Selecting Samples and Features for SVM Based on Neighborhood Model

  • Authors:
  • Qinghua Hu;Daren Yu;Zongxia Xie

  • Affiliations:
  • Harbin Institute of Technology, Harbin 150001, P.R. China;Harbin Institute of Technology, Harbin 150001, P.R. China;Harbin Institute of Technology, Harbin 150001, P.R. China

  • Venue:
  • RSFDGrC '07 Proceedings of the 11th International Conference on Rough Sets, Fuzzy Sets, Data Mining and Granular Computing
  • Year:
  • 2009

Quantified Score

Hi-index 0.00

Visualization

Abstract

Support vector machine (SVM) is a class of popular learning algorithms for good generalization. However, it is time-consuming in training SVM with a large set of samples. How to improve learning efficiency is one of the most important research tasks. It is known although there are many candidate training samples in learning tasks only the samples near decision boundary have influence on classification hyperplane. Finding these samples and training SVM with them may greatly decrease time and space complexity in training. Based on the observation, we introduce neighborhood based rough set model to search boundary samples.
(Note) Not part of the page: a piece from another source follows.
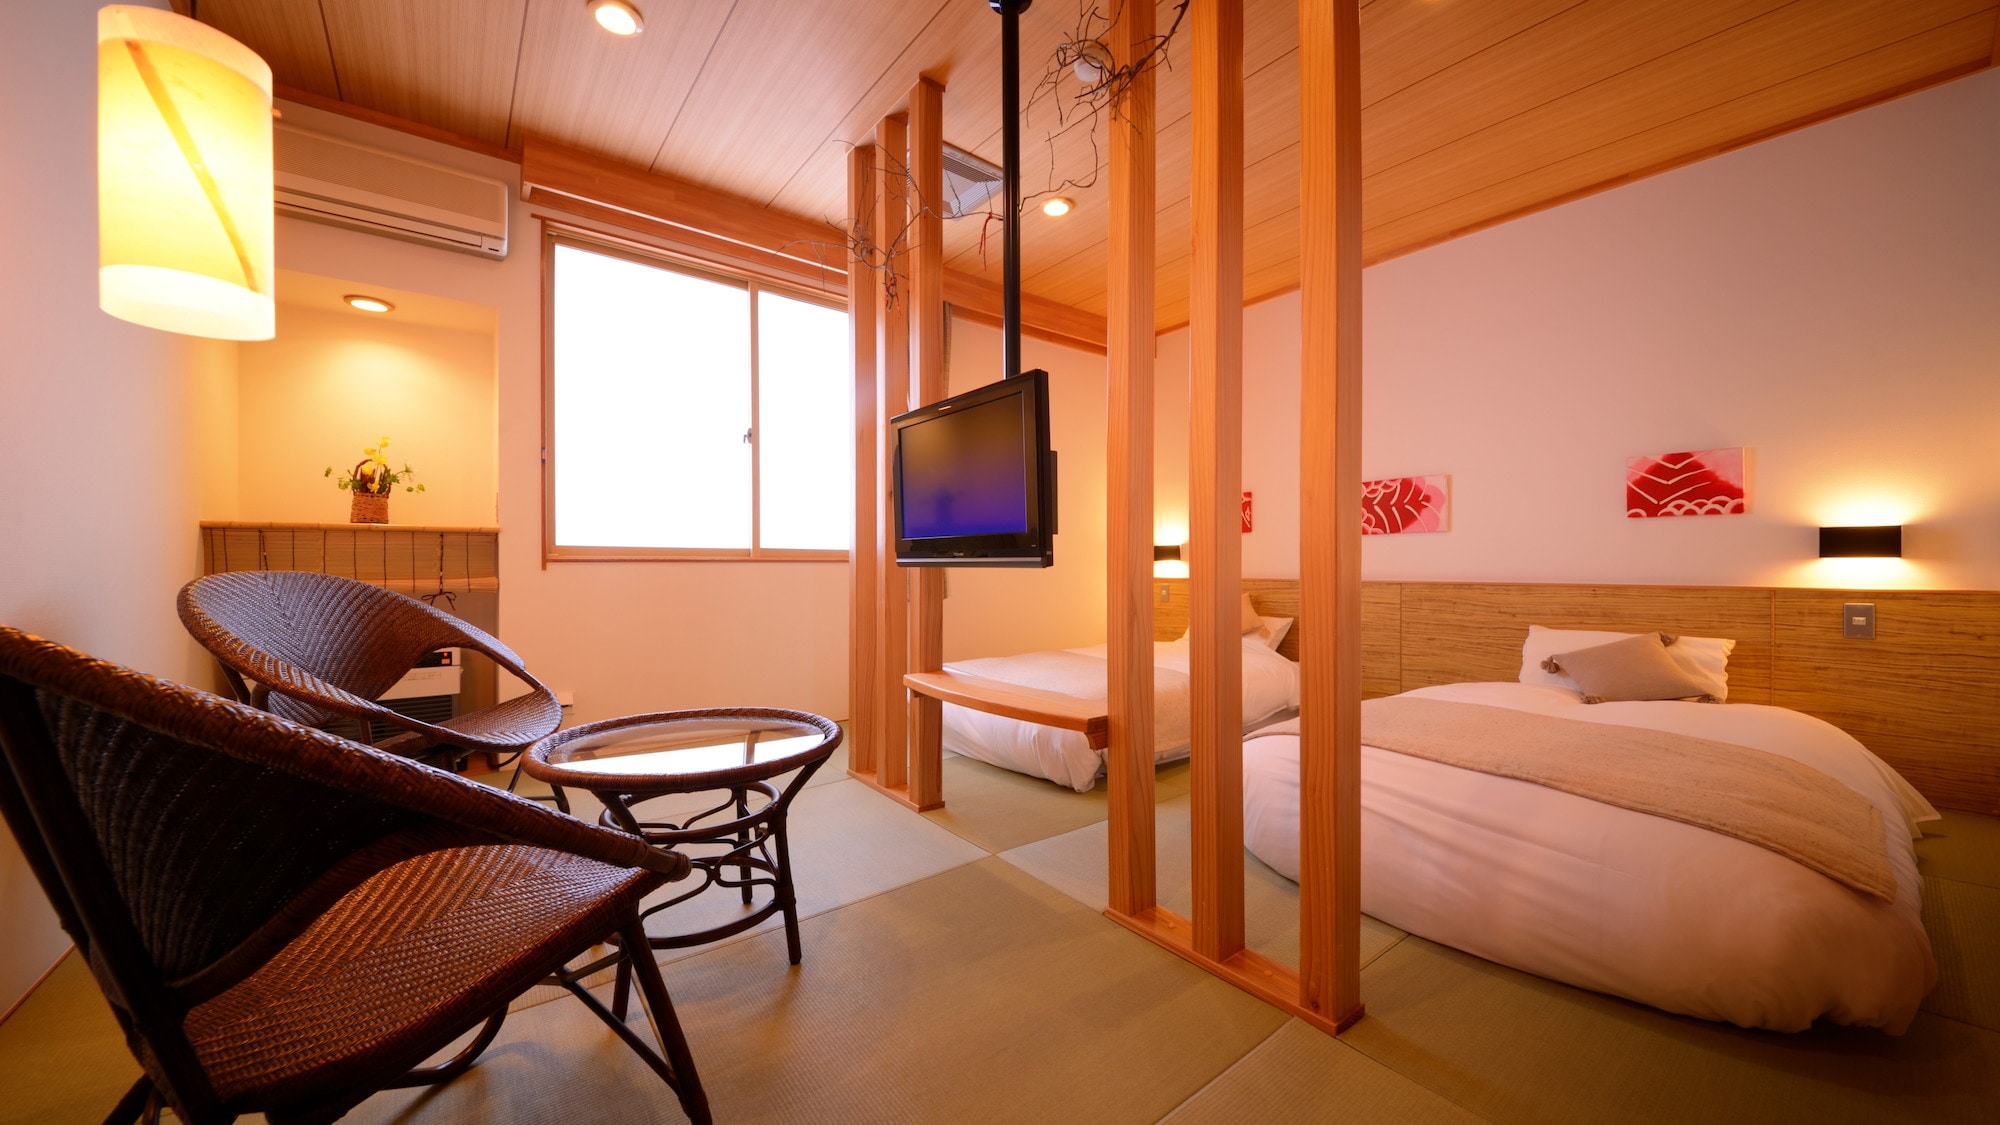 Non-smoking room "Hoshi no Shizuku" * Low-bed type twin room

With the model, we divide a sample space into two subsets: positive region and boundary samples. What's more, we also partition the features into several subsets: strongly relevant features, weakly relevant and indispensable features, weakly relevant and superfluous features and irrelevant features. We train SVM with the boundary samples in the relevant and indispensable feature subspaces, therefore simultaneous feature and sample selection is conducted with the proposed model. Some experiments are performed to test the proposed method. The results show that the model can select very few features and samples for training; and the classification performances are kept or improved.